Most debt increase deals have historically been for less than one year at a time…..but apparently not this time.
C.O. has noted a key item. In addition to the Congressional Dems being as bad or worse than those notorious House “Rethuglicans,” Obama has a) been derelict in not presenting his own concept and plan for a budget; and b) insisting that any debt increase carry him beyond November, 2012.
(There may be any number of reasons why he wants to continue to increase misspending, but his most recent demand for increased spending no doubt would also carry him beyond November, 2012.)
Well, we can’t know the amount of idiocy that will be tried, but they certainly aren’t happy with the pace of it.
I mean, it was less than a trillion when we were facing (don’t let impressionable children read this) the really, unfathomably, unbelievably terrifying possibility of [scary musical stinger, echo voice] core deflation [end echo] (while everything was merely getting more expensive to buy).
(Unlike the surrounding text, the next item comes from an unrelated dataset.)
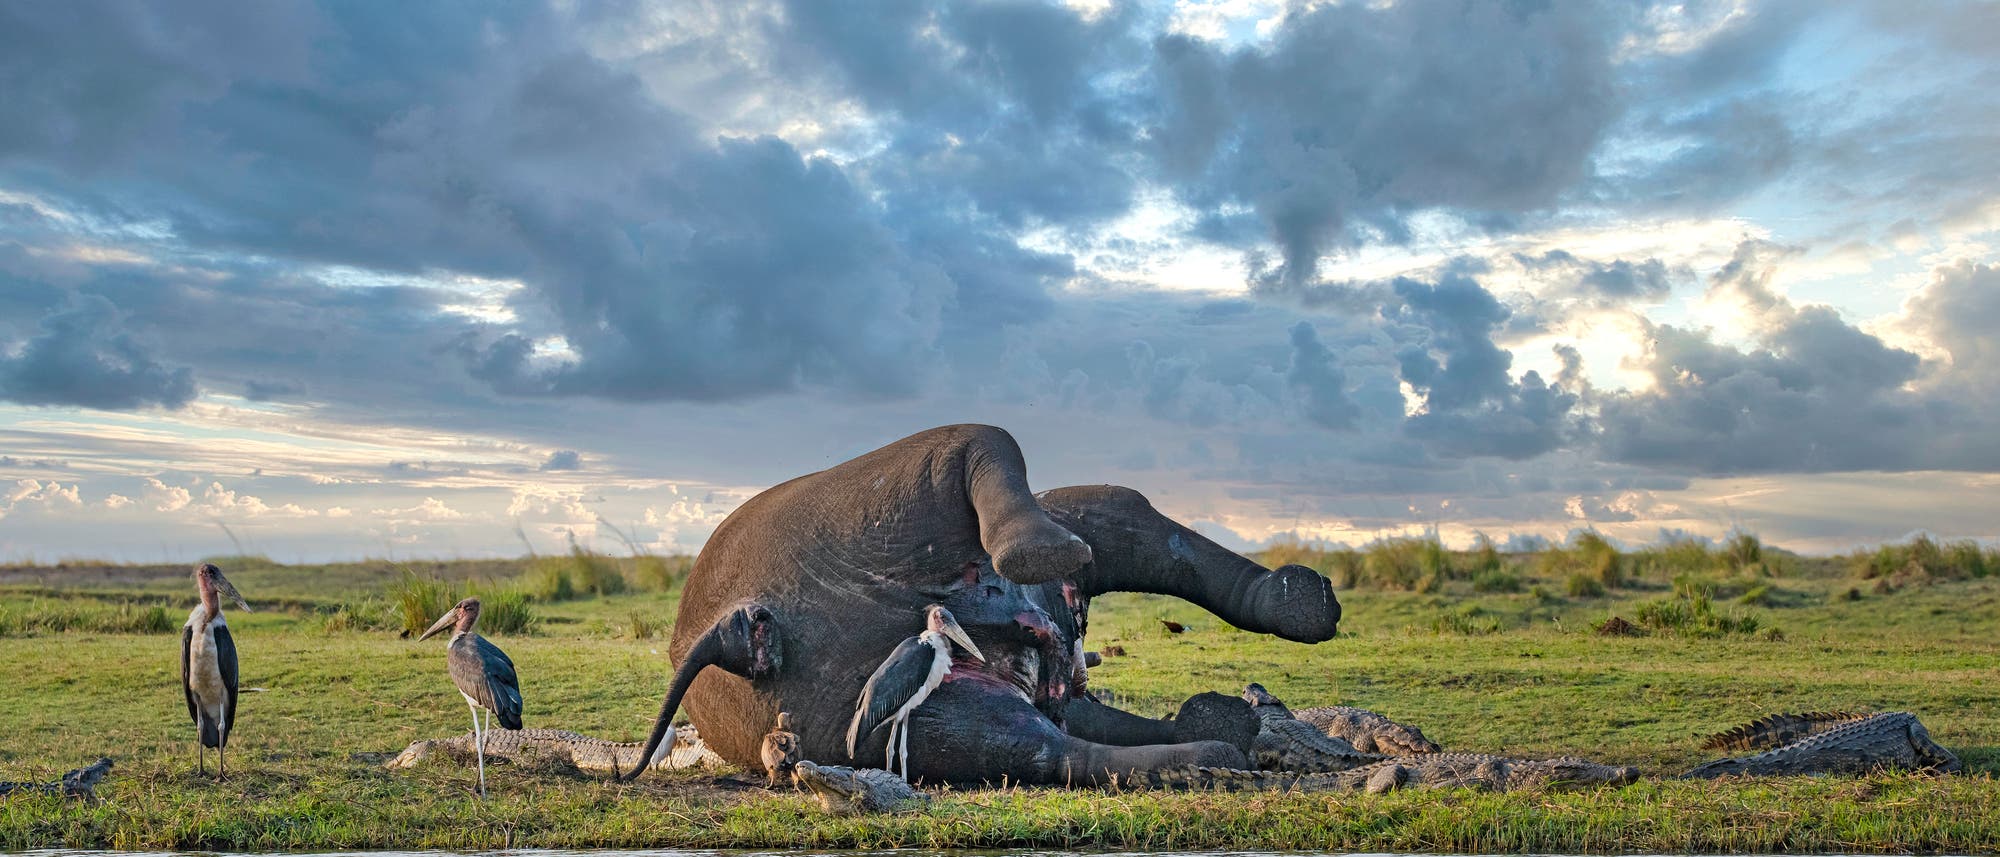 Ein toter Elefant liegt an einem Flussufer in Botswana, seine Hinterseite ist zu sehen. Aasfresser wie Marabus, Geier und Krokodile fressen am Kadaver, der Himmel ist bewölkt

That’s barely into the thousands per taxpayer, much less anything substantial.
But QE3, which was definitely not a possibility during QE2, has been hinted at. Also, some other money was spent for the same purpose, as a sort of QE2(b).
So the question of whether the Fed will support the government with more monetizing, or hold back for fear of eventual hyperinflation, is still up in the air.
Did you read about Ron Paul’s suggestion that the Fed simply forgive that 600B in debt, in order to extend the effective debt ceiling deadline?